Use Control Panel to get rid of NortonLifeLock email scam virus
• Open up the Control Panel from your Start menu in Windows. Depending on the OS build, select Uninstall a program (Windows 10, 7 and Vista) or Add or Remove Programs (Windows 8).
• To facilitate the process of locating the threat, sort the programs list by date to get the latest ones displayed at the very top. Find an unfamiliar, suspicious entry under the Name column, click Uninstall and follow further directions to get the removal done.
Restore web browser settings to their original defaults
In the circumstances of a complex browser hijack like this, executing a reset makes the most sense despite a few obvious downsides. Customizations such as saved passwords, bookmarked pages etc. will be gone, but so will all the changes made by the potentially unwanted program. The instructions below address the workflow for the web browsers most targeted by the NortonLifeLock email scam virus.
Reset Google Chrome
• Open Chrome, expand the Customize and control Google Chrome menu and choose Settings.
• Click Advanced in the sidebar, scroll down to Reset and clean up, and select this option.
• Click Restore settings to their original defaults.
• Finally, confirm the restoration by clicking Reset settings on the warning message.
• Restart Chrome.
Reset Mozilla Firefox
• Open Firefox, type about:support in the URL area and press Enter. Alternatively, you can click on the Open menu icon in the top right-hand part of the browser window, then select the Help option and proceed to Troubleshooting Information.
• On the Troubleshooting Information screen, spot the Refresh Firefox button and click on it.

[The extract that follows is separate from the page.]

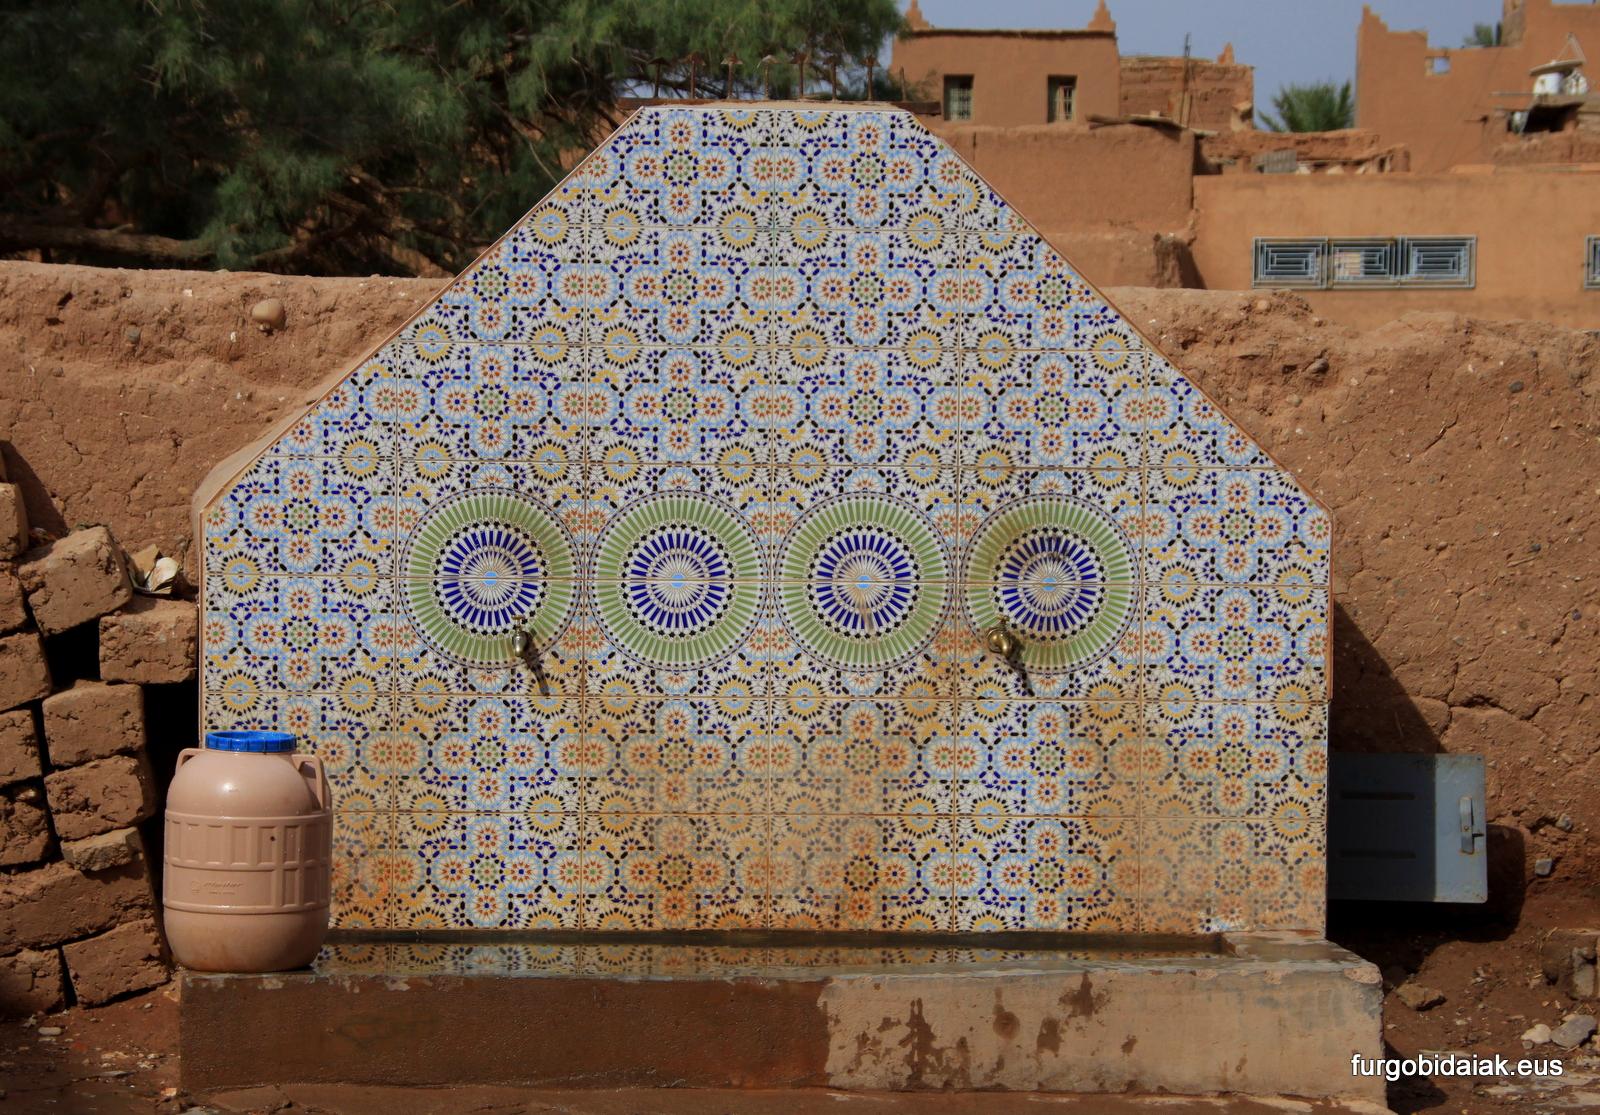 El agua, consejos para viajar a Marruecos

• Follow subsequent directions to reset Firefox to its original settings.
• Restart the browser.
Reset Internet Explorer
• Select Internet options under IE’s Tools (Alt+X).

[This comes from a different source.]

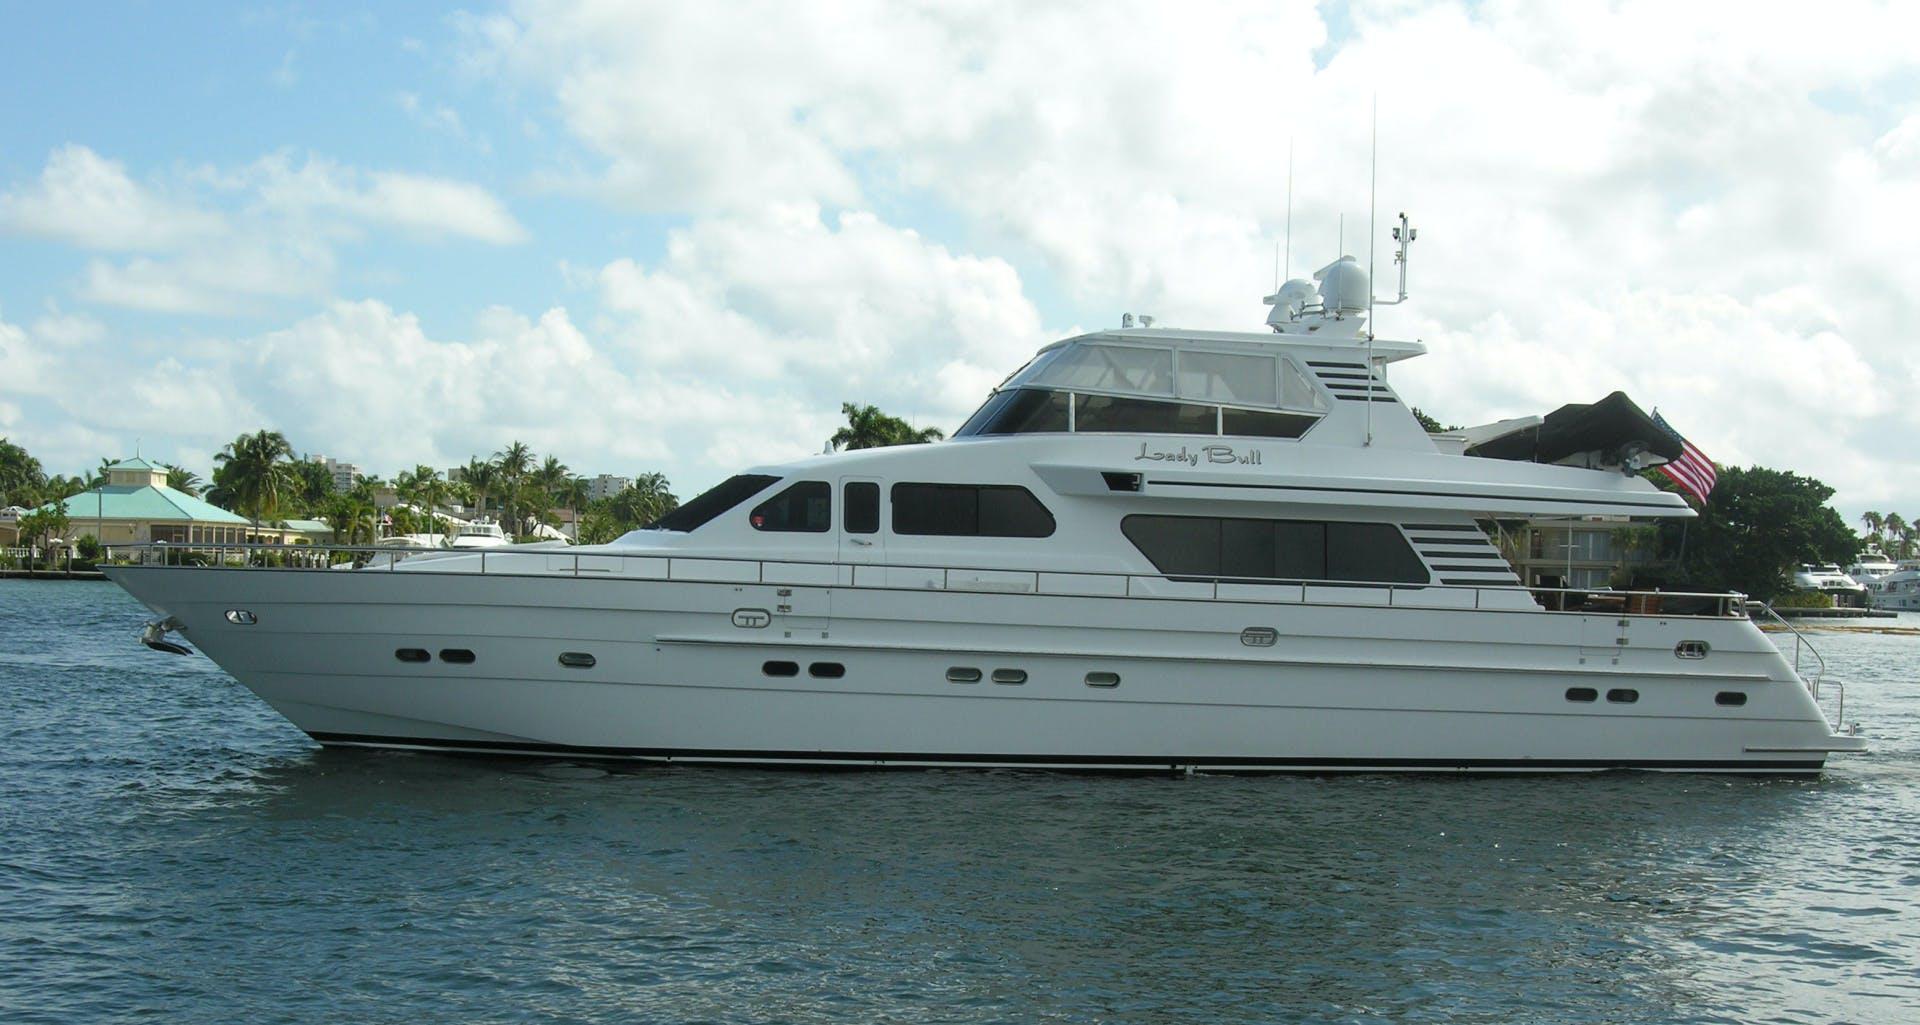 2001 Horizon 82' Flybridge Motor Yacht LADY BULL   Picture 1 of 88

• Proceed by clicking on Advanced tab, then select Reset.
• To confirm the intended changes, click Reset on the Reset Internet Explorer Settings screen after ascertaining that the Delete personal settings checkbox is enabled.
• Reboot the machine to fully implement the fix.
• Go to the Safari menu and select Preferences.
• When on the Preferences screen, select the Privacy tab and hit the Manage Website Data button.
• Click the Remove All button to purge all website data. Be advised this will log you out of online services and undo personalized web browser settings such as saved passwords, etc. If you aren’t okay with this, proceed to the next step.
• Safari also allows deleting data for specific sites rather than all sites in general. To use this option, select the unwanted site in the ‘Manage Website Data’ list and click Remove. Then, click Done.
• Click the Develop menu in the Finder bar and select Empty Caches.
• Finally, expand the History menu from the Finder bar and click Clear History.
• Make sure all history is selected on the dialog that will appear and click Clear History to get rid of cookies and other potentially unwanted data.
• Restart Safari.
Revise your security status
Post-factum assessment of the accuracy component in malware removal scenarios is a great habit that prevents the comeback of harmful code or replication of its unattended fractions. Make sure you are good to go by running an additional safety checkup.